The stiffness of a given length of beam is proportional to the product of the width and the cube of the depth. Find the shape of the stiffest beam which can be cut from a cylindrical log (of the given length) with cross-sectional diameter of D
stiffeness=k*w*d^3
Log: diameter D. so in a circle, find the relationship with depth.
well, if you sketch a circle, and draw in a d depth and W width, you see they are 90 deg with each other, and if you connect the other ends, you have a hypoenuse that runs thru the center (you need to think that out item 1). Then, the length of the hypotensue is D.
D^2=d^2+W^2 or
W= sqrt(D^2-d^2).
stiffness= d^3*sqrt(D^2-d^2)
ds/ddepth= 3d^2*sqrt( ) + d^3 (-2d/sqrt( ) ) =0 for max
or
sqrt ( )=2d^2/sqrt( ) or
D^2-d^2=2d^2
3d^2=D^2
or d=D/3 and then w= sqrt(D^2-d^2)=sqrt(D^2-D^2/9)...
check my math. I am in a hurry.
To find the shape of the stiffest beam that can be cut from a cylindrical log, we need to maximize the stiffness of the beam.
Given that the stiffness of a beam is proportional to the product of the width and the cube of the depth, let's denote the width of the beam as w and the depth as d. The stiffness, S, can be expressed as:
S = k * w * d^3,
where k is the constant of proportionality.

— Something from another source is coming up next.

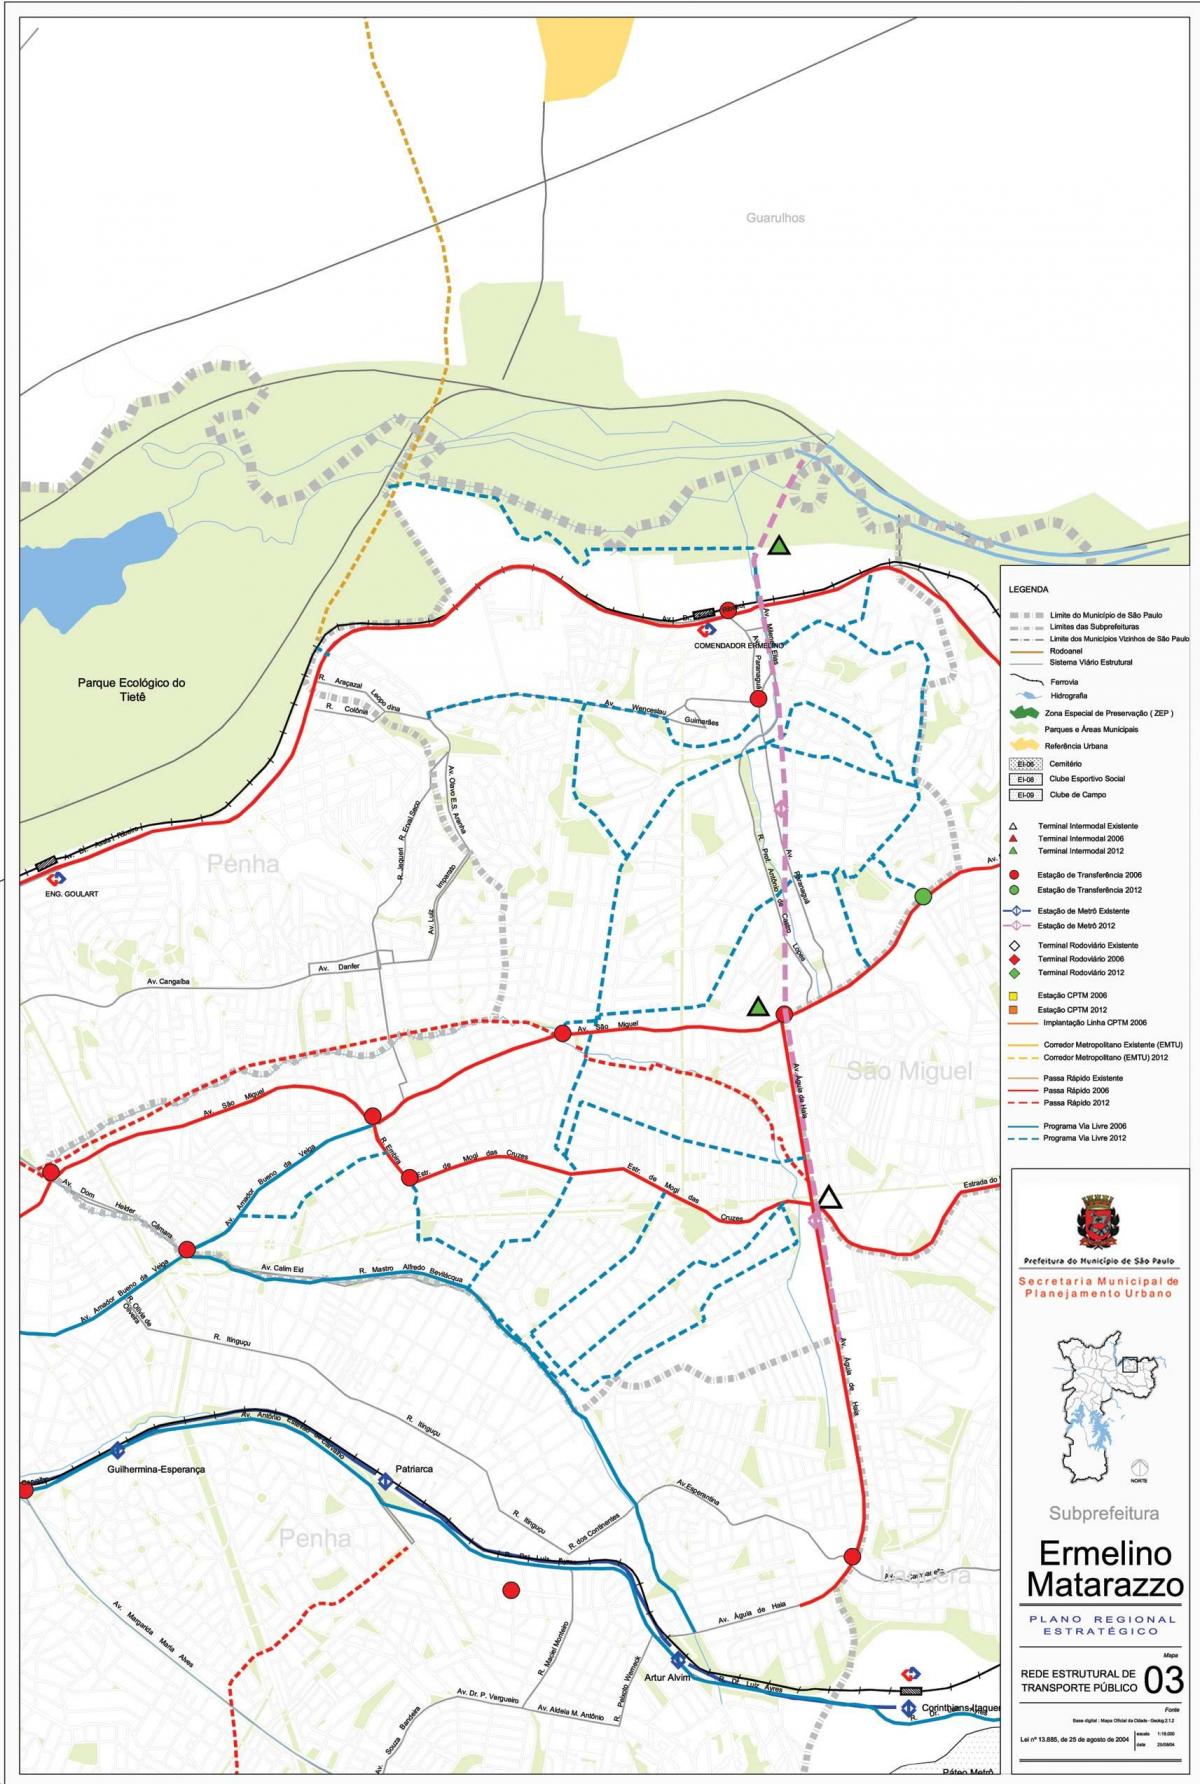 Mapa de Ermelino Matarazzo São Paulo - transportes Públicos

The cross-sectional area of a beam can be calculated using the formula for the area of a circle:
A = π * (D/2)^2 = (π/4) * D^2,
where D is the diameter of the log.
Since the beam is cut from the log, the width and the depth of the beam cannot exceed the diameter of the log, i.e., w ≤ D and d ≤ D.
To maximize the stiffness, we need to find the values of width and depth that yield the largest value for S, while still satisfying the constraints w ≤ D and d ≤ D.
To find the maximum value, we can take the partial derivative of S with respect to both w and d, and set them equal to zero:
∂S/∂w = k * d^3 = 0,
∂S/∂d = 3 * k * w * d^2 = 0.
From the first equation, we have d = 0. From the second equation, we have w = 0 or d = 0.
However, d = 0 is not a meaningful solution since depth cannot be zero. Therefore, we are left with w = 0.
Next, we need to consider the constraints w ≤ D and d ≤ D. Since w = 0, we have d ≤ D.
Therefore, the stiffest beam that can be cut from the cylindrical log has a width of zero and a depth equal to the diameter of the log, i.e., w = 0 and d = D.
In terms of shape, this means that the stiffest beam is a rectangular cross-section with negligible width (essentially a line) and a depth equal to the diameter of the log.